As profissões do futuro e seus desafios

Enviada em 22/04/2020

O avanço depende do preparo

O mundo vem se transformando e novas profissões vêm se formando. Porém, a sociedade não consegue acompanhar a evolução, devido ao despreparo da população para o que mercado de trabalho necessita. Ou seja, há mão de obra, há empregos, contudo eles não conseguem relacionar-se. Por isso, deve-se atualizar as formas de ensino para que todos tenham chances de atuar numa área.

Quando perguntamos a um estudante de ensino médio o que eles querem ser quando crescer, normalmente, ele responderiam advogado ou médico, ou melhor, as profissões tradicionais. No entanto, hoje em dia, o setor terciário precisa de profissionais híbridos, em outras palavras,que não sejam só excelente em biologia, mas também, bom em física. Isto é, as tendências das profissões contemporâneas são de abranger cada vez mais as diversas áreas do conhecimento. Logo, com a decadência das profissões mais antigas, a população economicamente ativa (PEA) e a futura PEA precisam-se adaptar às essas mudanças.

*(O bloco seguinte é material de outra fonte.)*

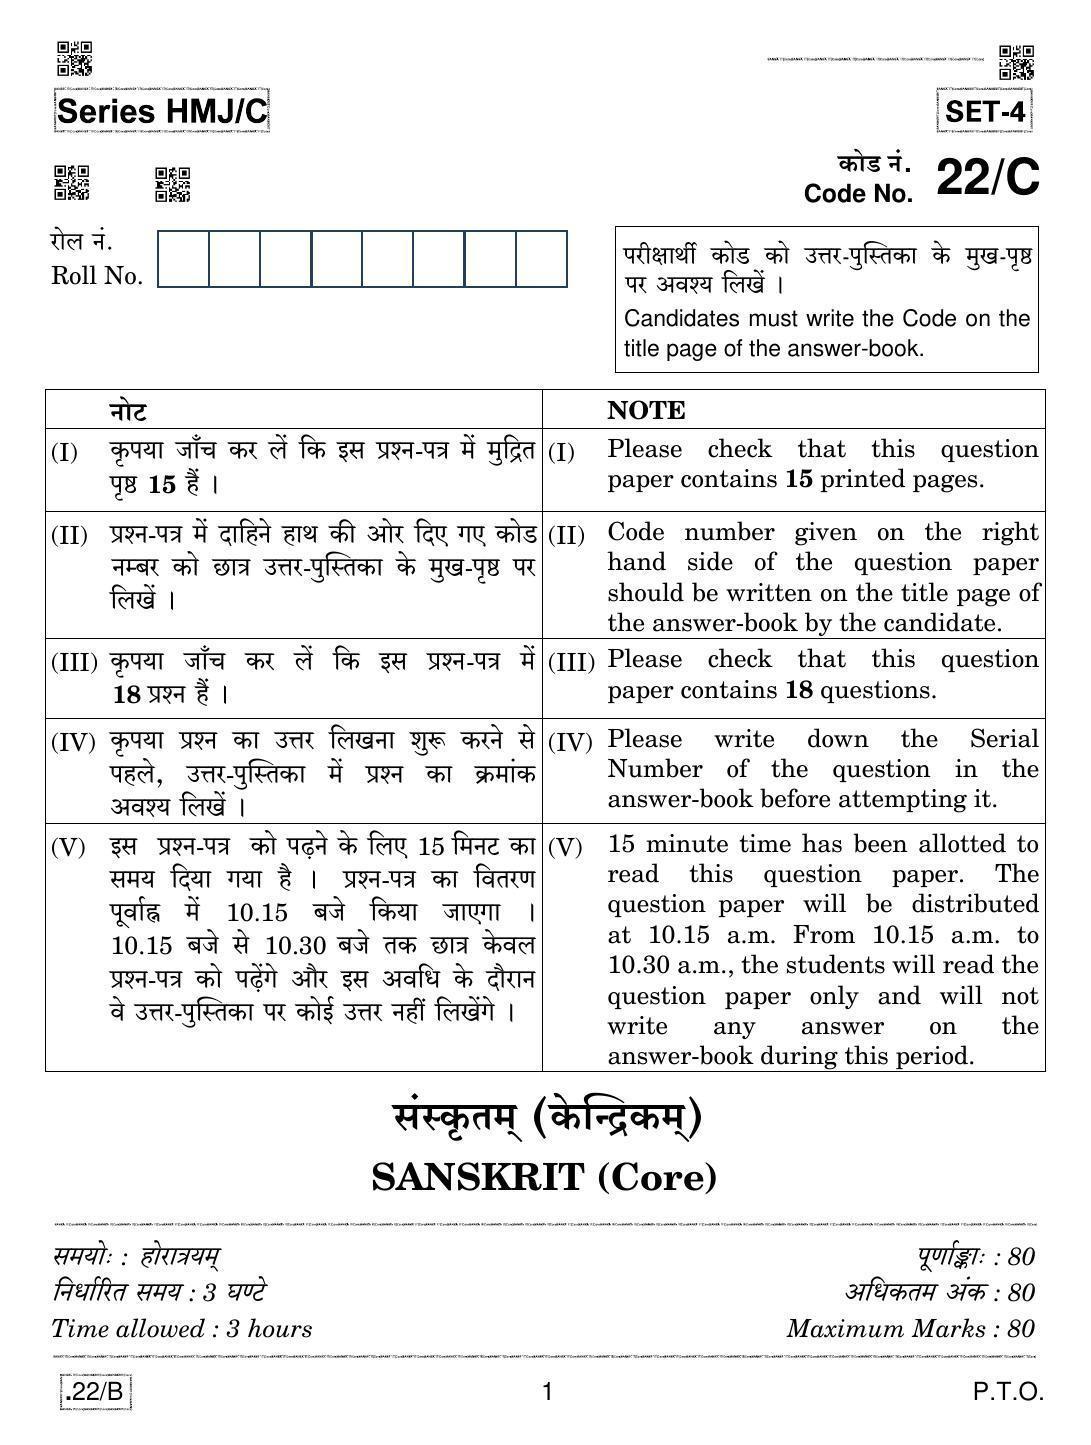 CBSE Class 12 Sanskrit Core 2020 Compartment Question Paper - Page 1

Assim, como Zygmunt Bauman que dizia em sua obra “Modernidade Líquida” o antigo é sempre substituído pelo novo, o velho modo como se qualificava as pessoas deveria ser adaptada, pois o maior desafio dessas profissões futurísticas é a falta de mão de obra qualificada. Isso acontece, porque hoje em dia, nesse setor de serviços, há muitos engenheiros químicos e biólogos, por exemplo, contudo há muitos bioquímicos. Além disso, os cursos profissionalizantes voltadas há essas novas profissões são pouco estimuladas.

Portanto, o Estado deve preparar sua população para o mercado de trabalho atual por meio de investimentos em oficinas e cursos técnicos voltadas a essas profissões contemporâneas para que todos tenham oportunidades de emprego. Assim, as pessoas terão mais chances de obter um trabalho proeminente.